FAO
Brazilian President Luiz Inácio Lula da Silva unveiled a global alliance against hunger and poverty in Rio de Janeiro on Wednesday, an initiative he described as one of Brazil’s top priorities for its current presidency of the Group of 20 nations.
The Brazilian leader slammed the perpetuation of hunger across the world despite sufficient production at a ministerial meeting to establish the global alliance.
Lula was seeking to bolster support ahead of the formal establishment of the alliance later this year, when world leaders will gather in Rio de Janeiro for the Nov. 18-19 summit of the leading 20 rich and developing nations.
The alliance aims to implement a mechanism to mobilize funds and knowledge to support the expansion of policies and programs to combat inequality and poverty, according to a statement from Brazil’s G20 press office on Tuesday.
It will be managed from a secretariat located at the Food and Agriculture Organization headquarters in Rome and Brasilia until 2030, with half of its costs covered by Brazil, Lula said in his speech.
A former trade unionist who governed between 2003 and 2010, Lula returned to the presidency for a third, non-consecutive term in 2023 after thwarting the reelection bid of former president Jair Bolsonaro.

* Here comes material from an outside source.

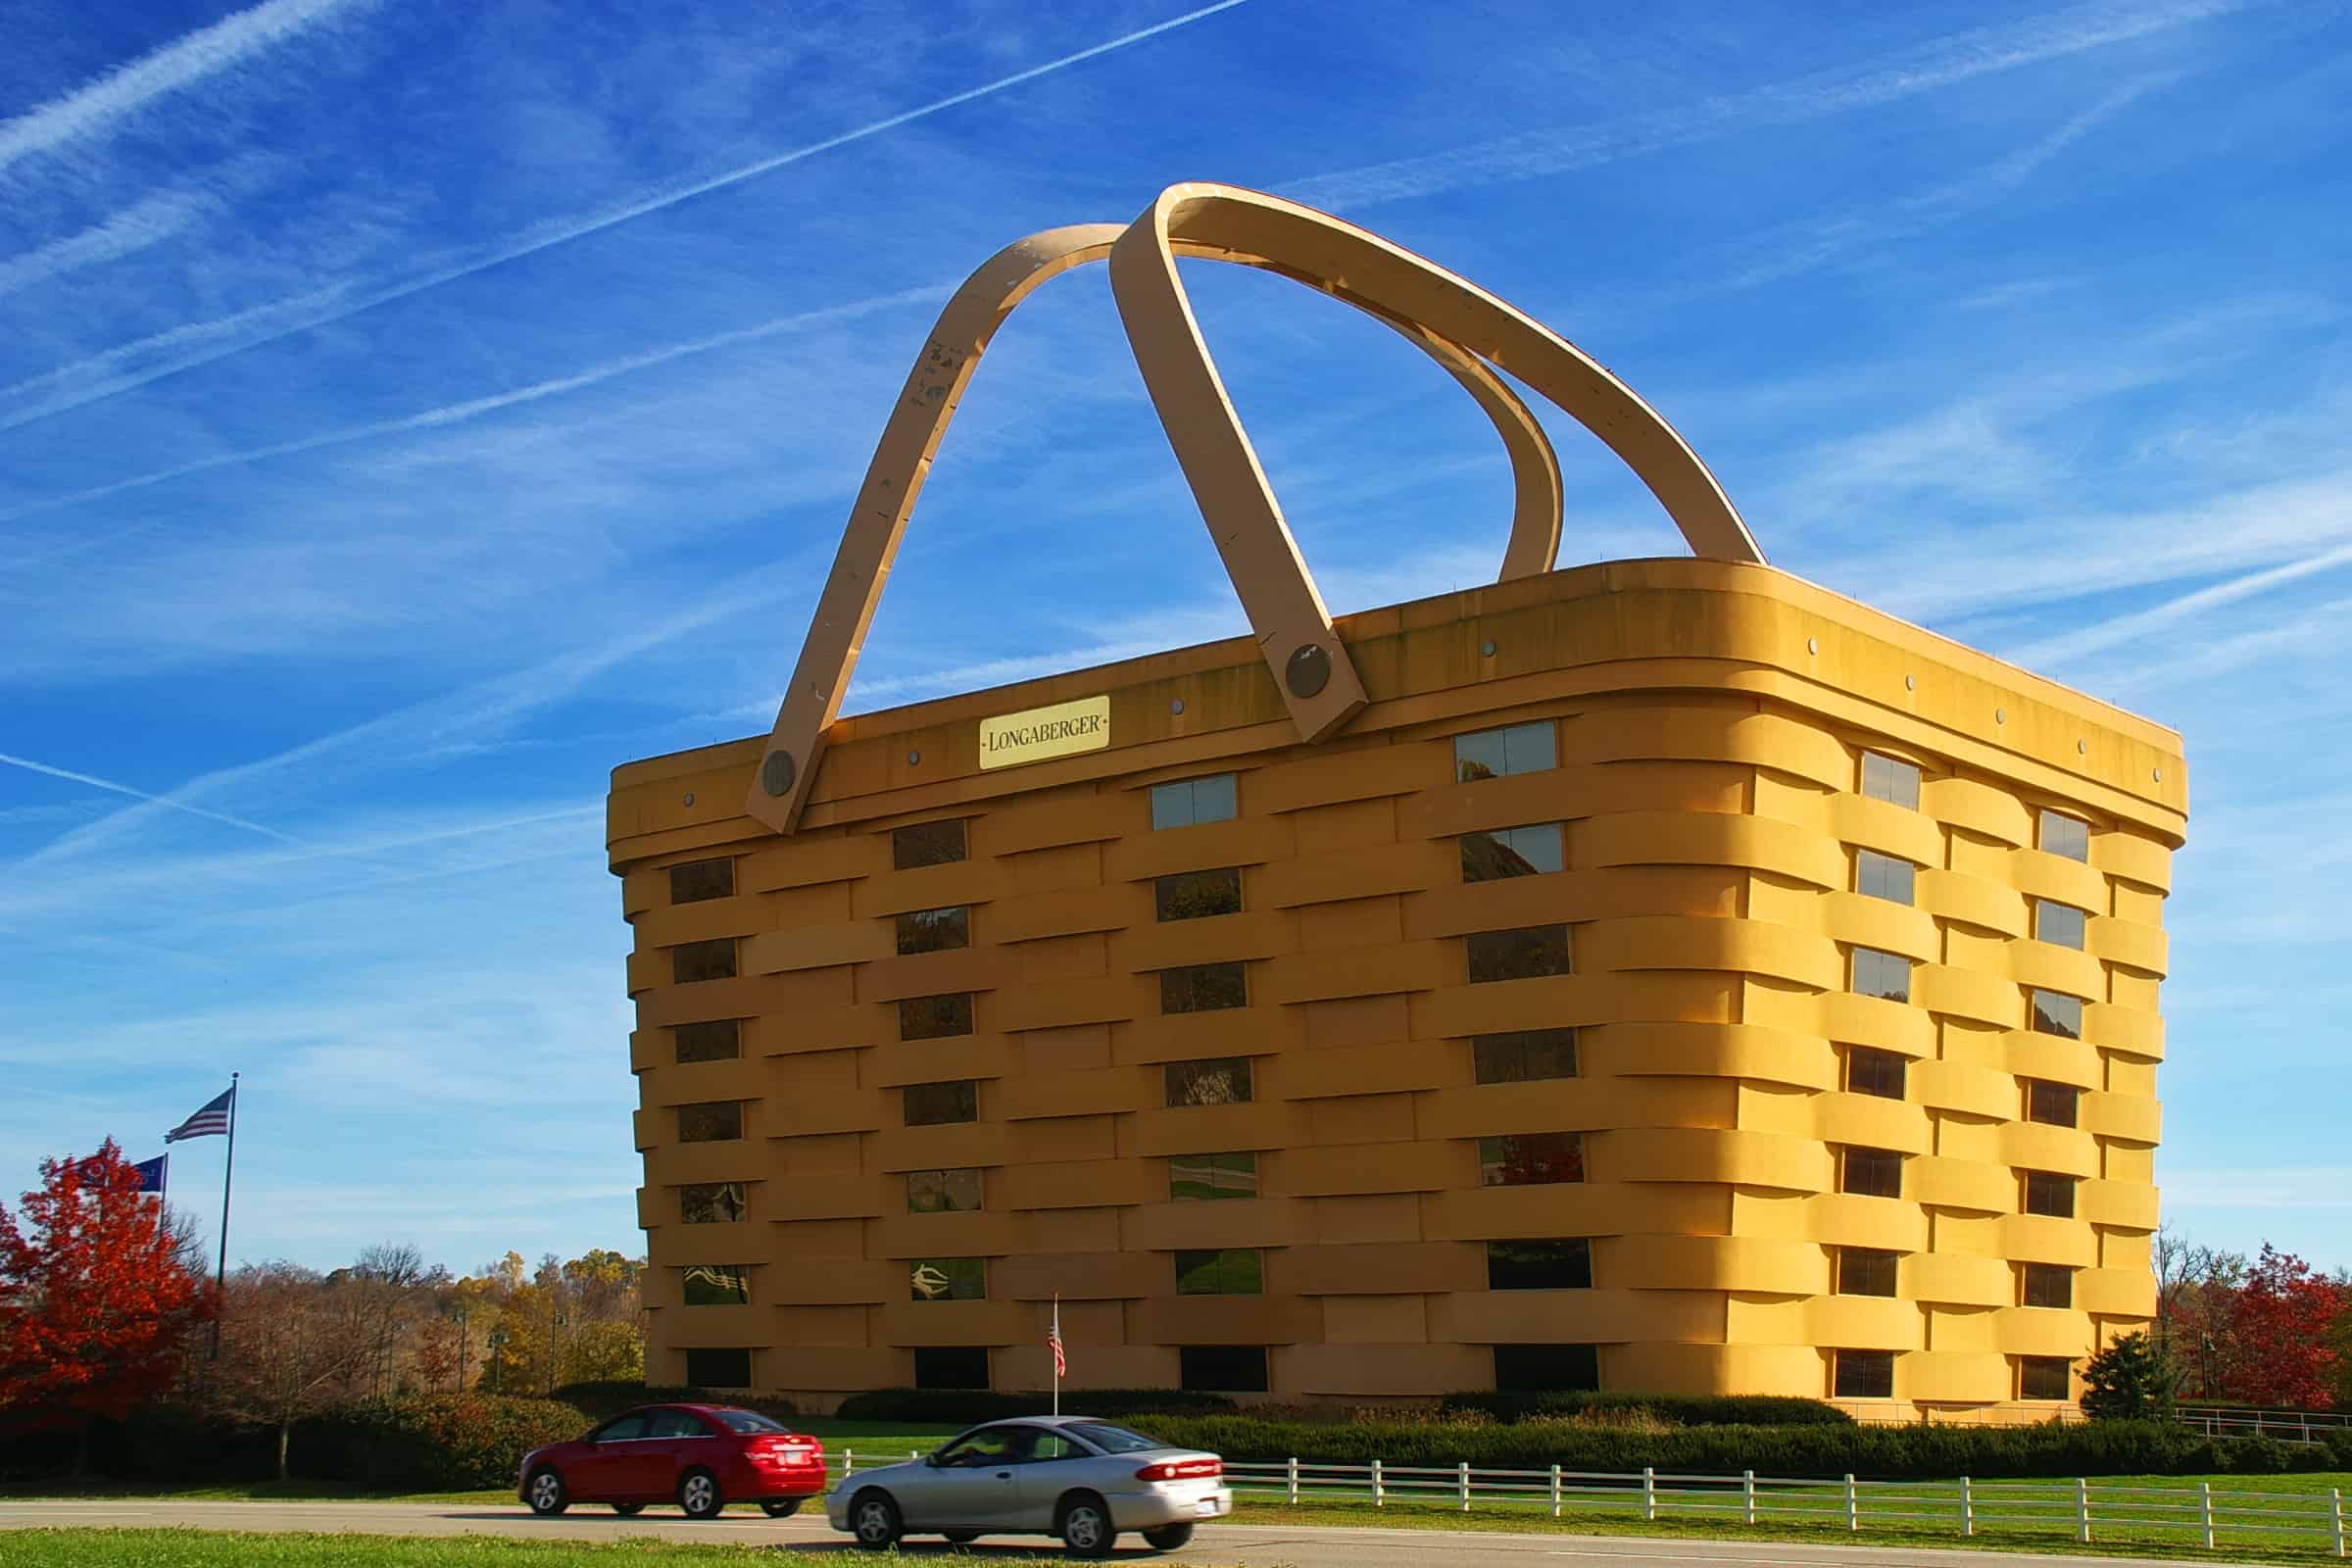 World's largest picnic basket Ohio

Lula, who was born to a poor family in Brazil’s northeastern Pernambuco state, has long sought to tackle hunger both at home and abroad.
Brazil is also one of the world’s top exporters of food, sending abroad large quantities of corn, soja, coffee, sugar, beef and chicken.
Ending extreme poverty and hunger by 2030 are part of the UN’s sustainable development goals, adopted in 2015, but progress has been lagging.
Around 733 million people faced hunger in 2023, equivalent to one in eleven people globally and one in five in Africa, according to the annual State of Food Security and Nutrition in the World report, released in Rio on Wednesday.
There was a sharp upturn in people facing moderate or severe food insecurity in 2020 amid the COVID-19 pandemic, and since then numbers have remained stubbornly high despite progress in Latin America and the Caribbean, according to a statement accompanying the launch of the report.
As well as spotlighting hunger and poverty, Brazilian diplomats are using the presidency of the G20 to push for the reform of global governance institutions and advocate for a sustainable energy transition.
Those efforts are part of Lula’s bid to pitch his nation – and himself - as leader for the Global South.